# TASK:
When copying the data below, keep only the lines from the one with "Samsung 760TFT manual" through the one with "Hanging up dress.", word for word, and skip the pictures.

# DATA FOR THIS EXERCISE:
┌──

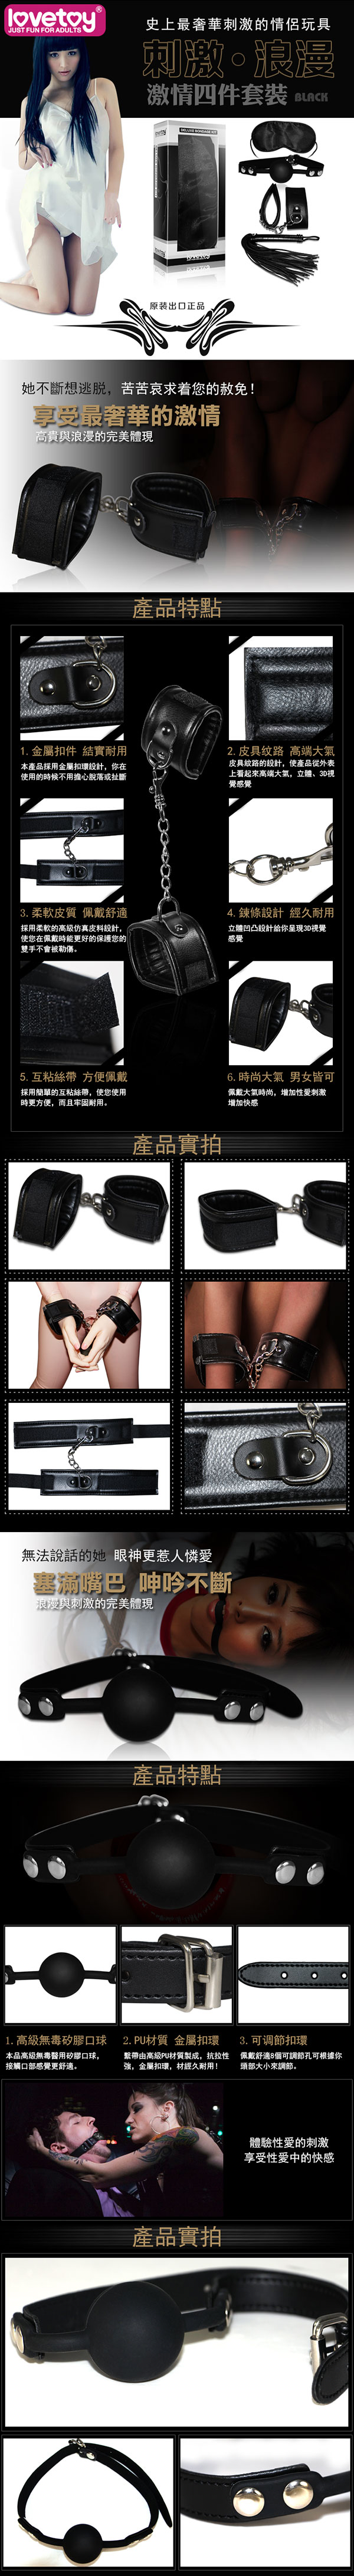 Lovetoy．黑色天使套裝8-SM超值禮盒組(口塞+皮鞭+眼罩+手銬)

└──
┌──

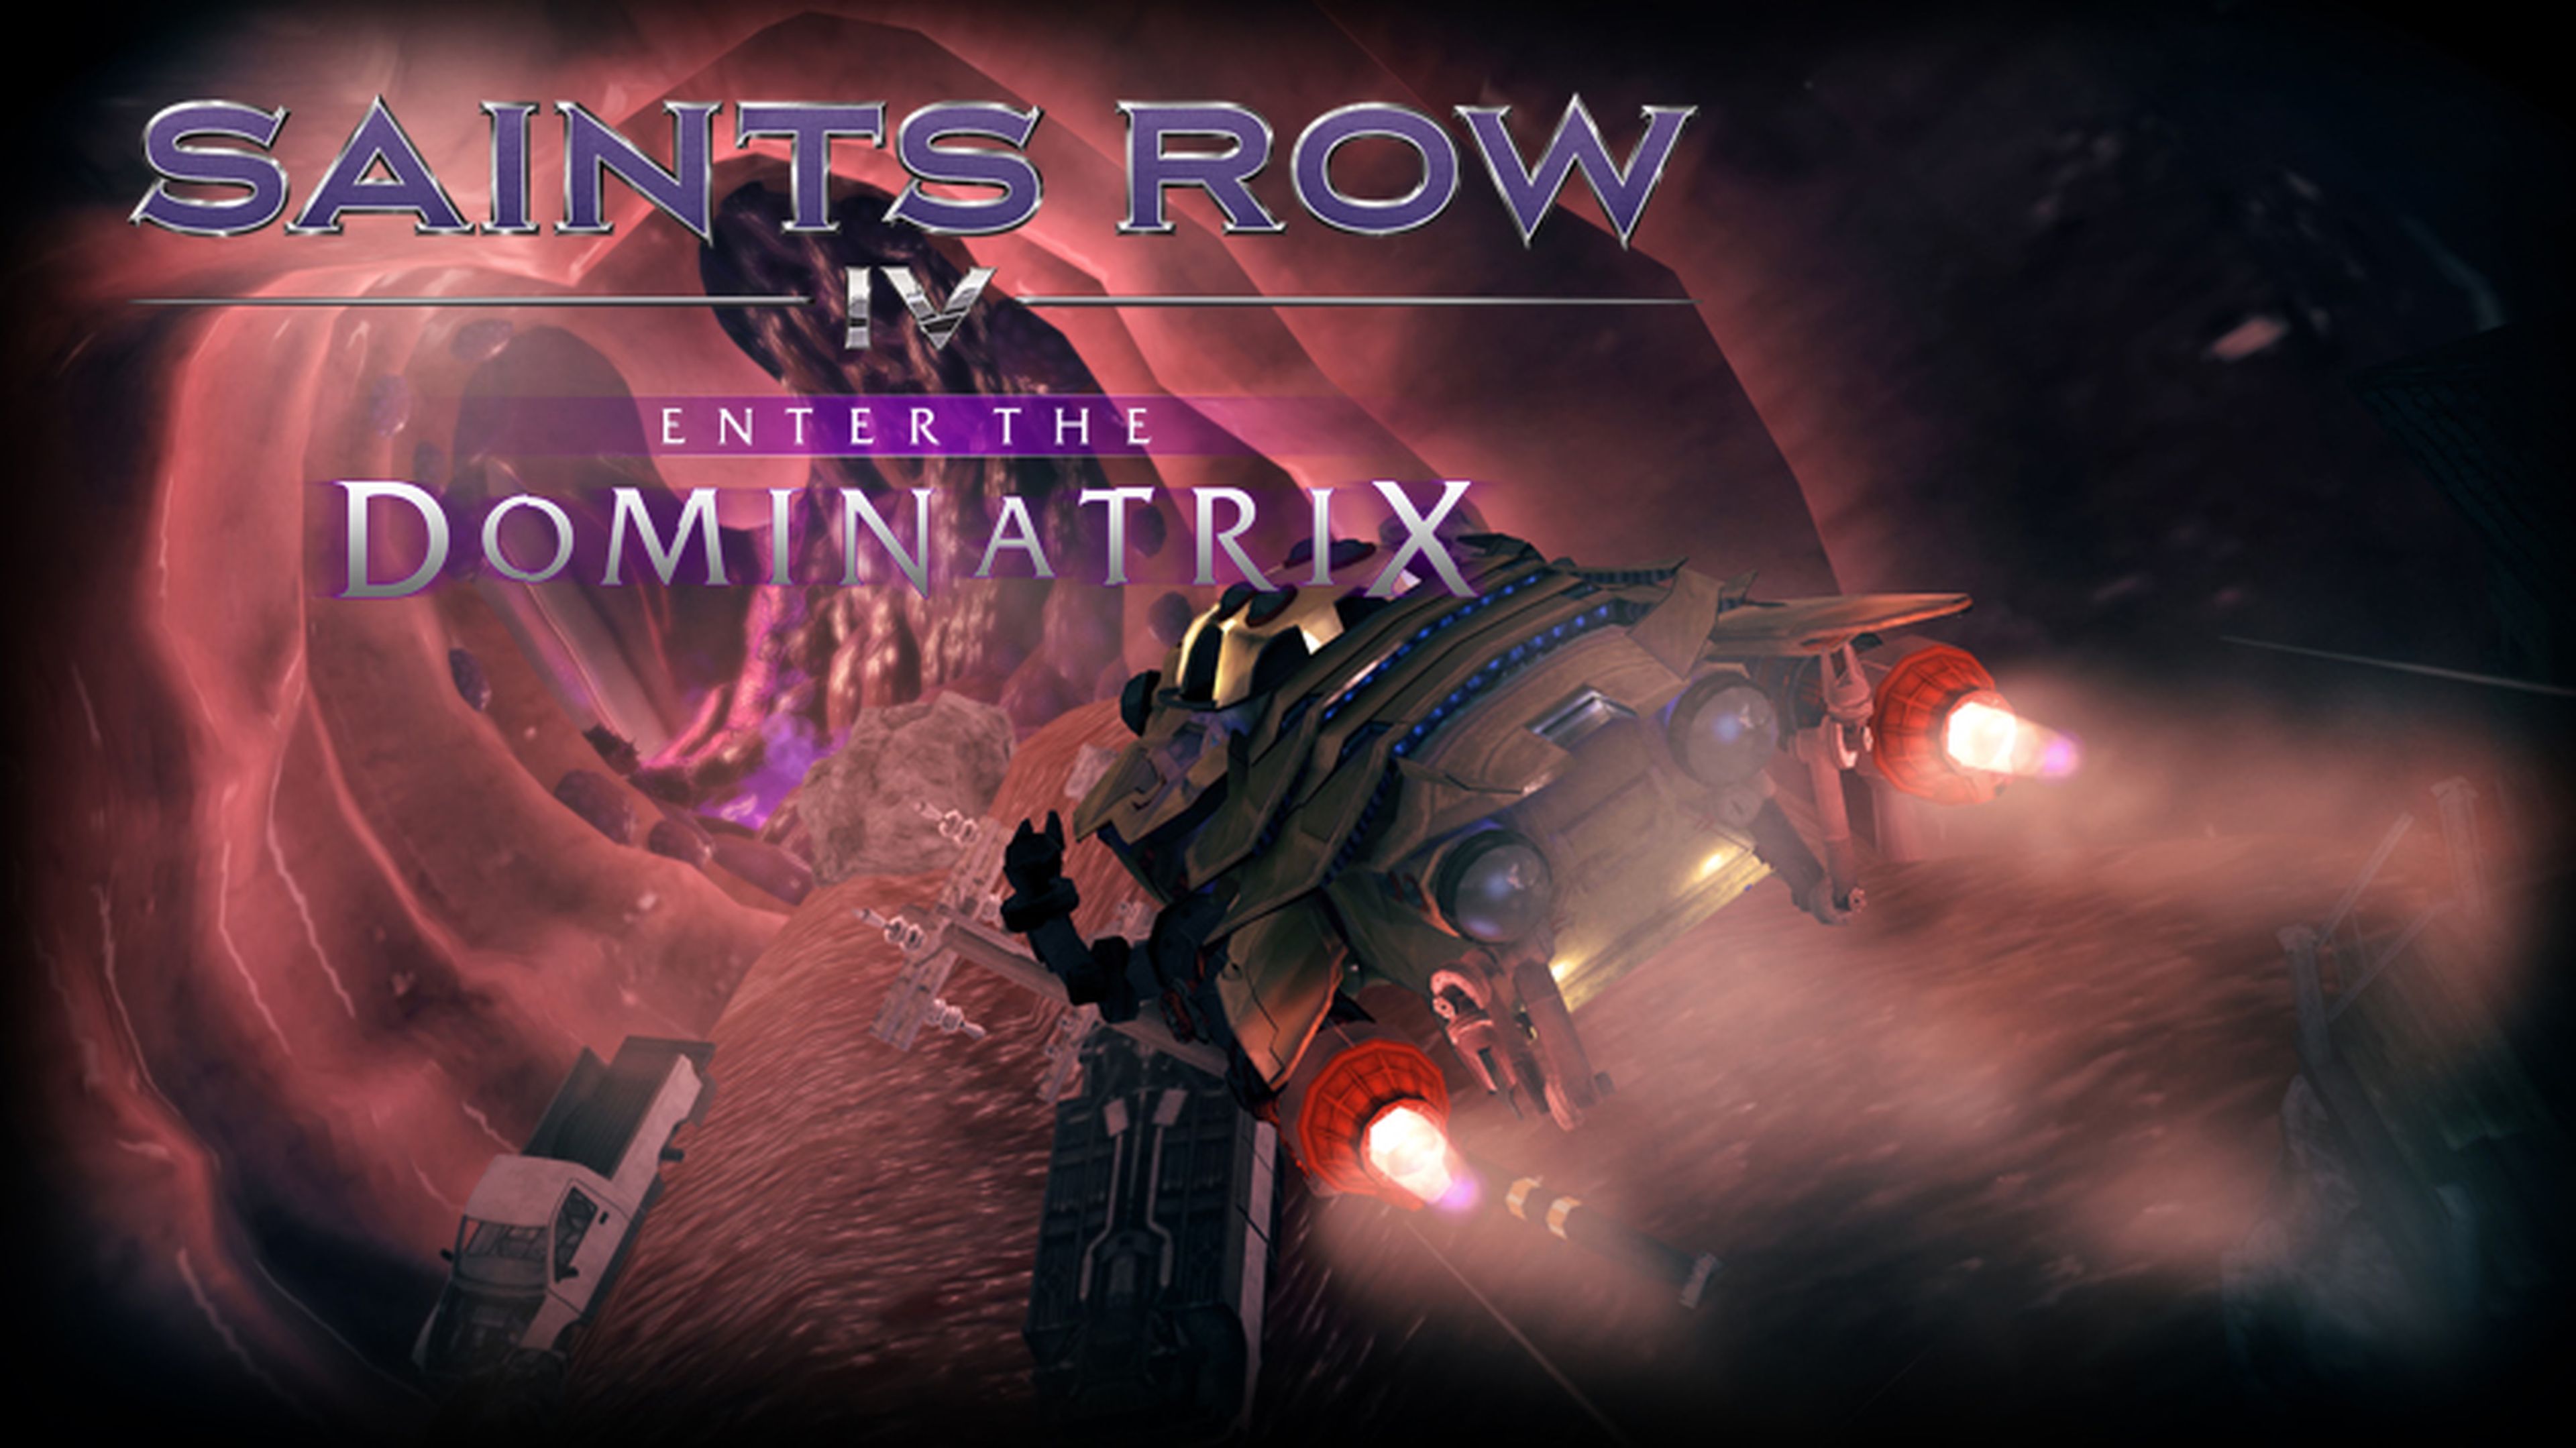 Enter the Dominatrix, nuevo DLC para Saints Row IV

└──
┌──

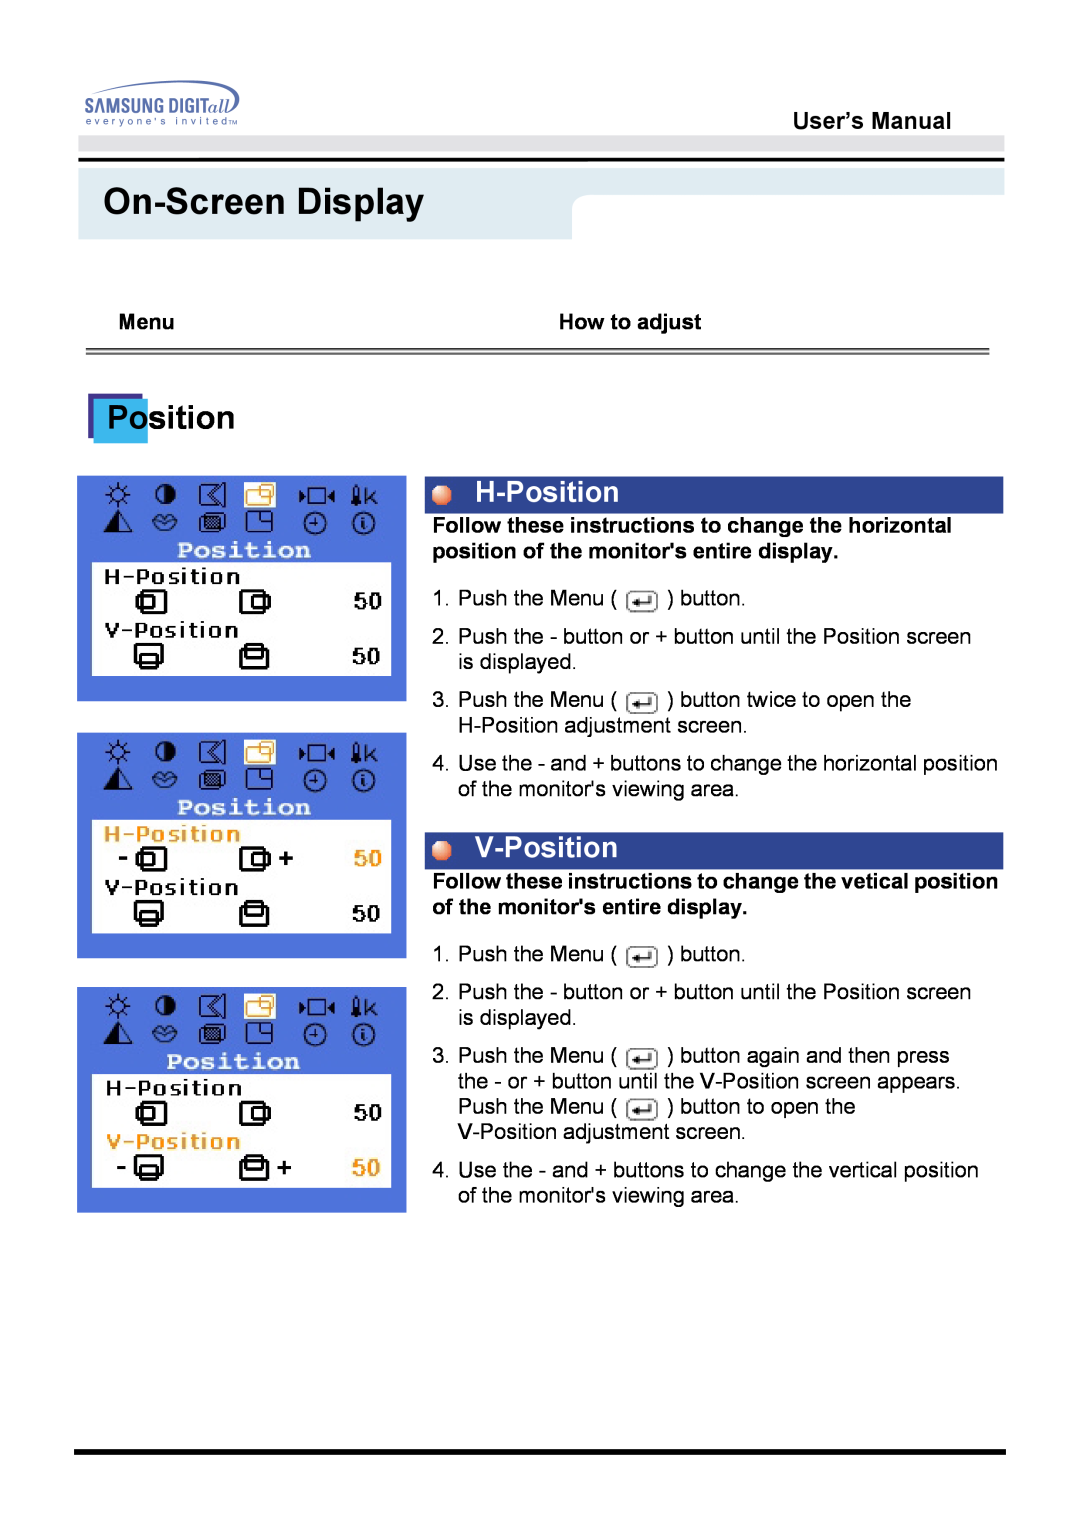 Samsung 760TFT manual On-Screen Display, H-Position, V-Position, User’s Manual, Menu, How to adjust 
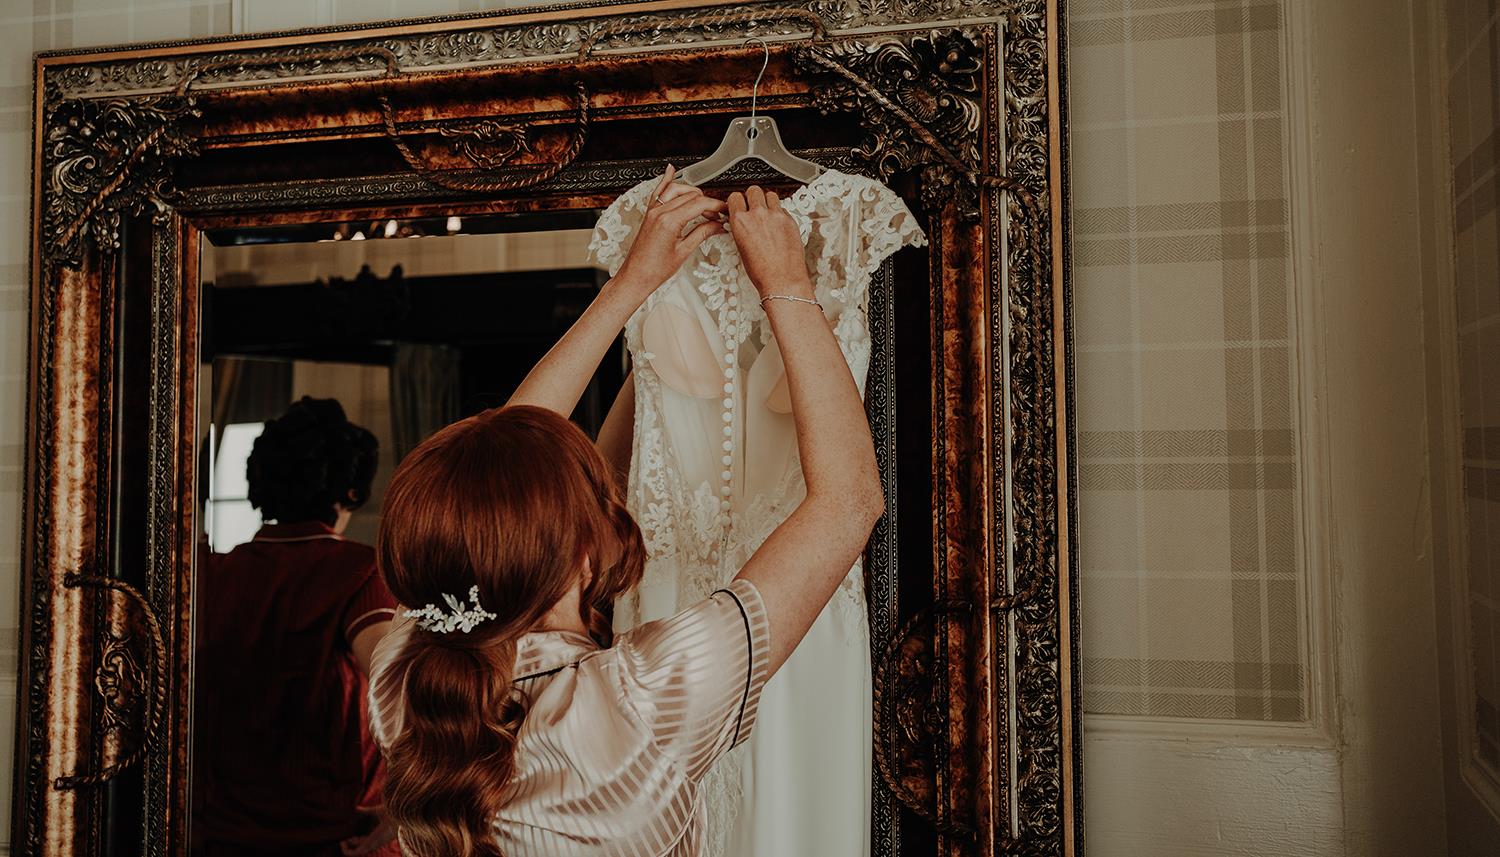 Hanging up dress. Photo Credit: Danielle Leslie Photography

└──

# EXPECTED ANSWER:
 Samsung 760TFT manual On-Screen Display, H-Position, V-Position, User’s Manual, Menu, How to adjust 
 Hanging up dress. Photo Credit: Danielle Leslie Photography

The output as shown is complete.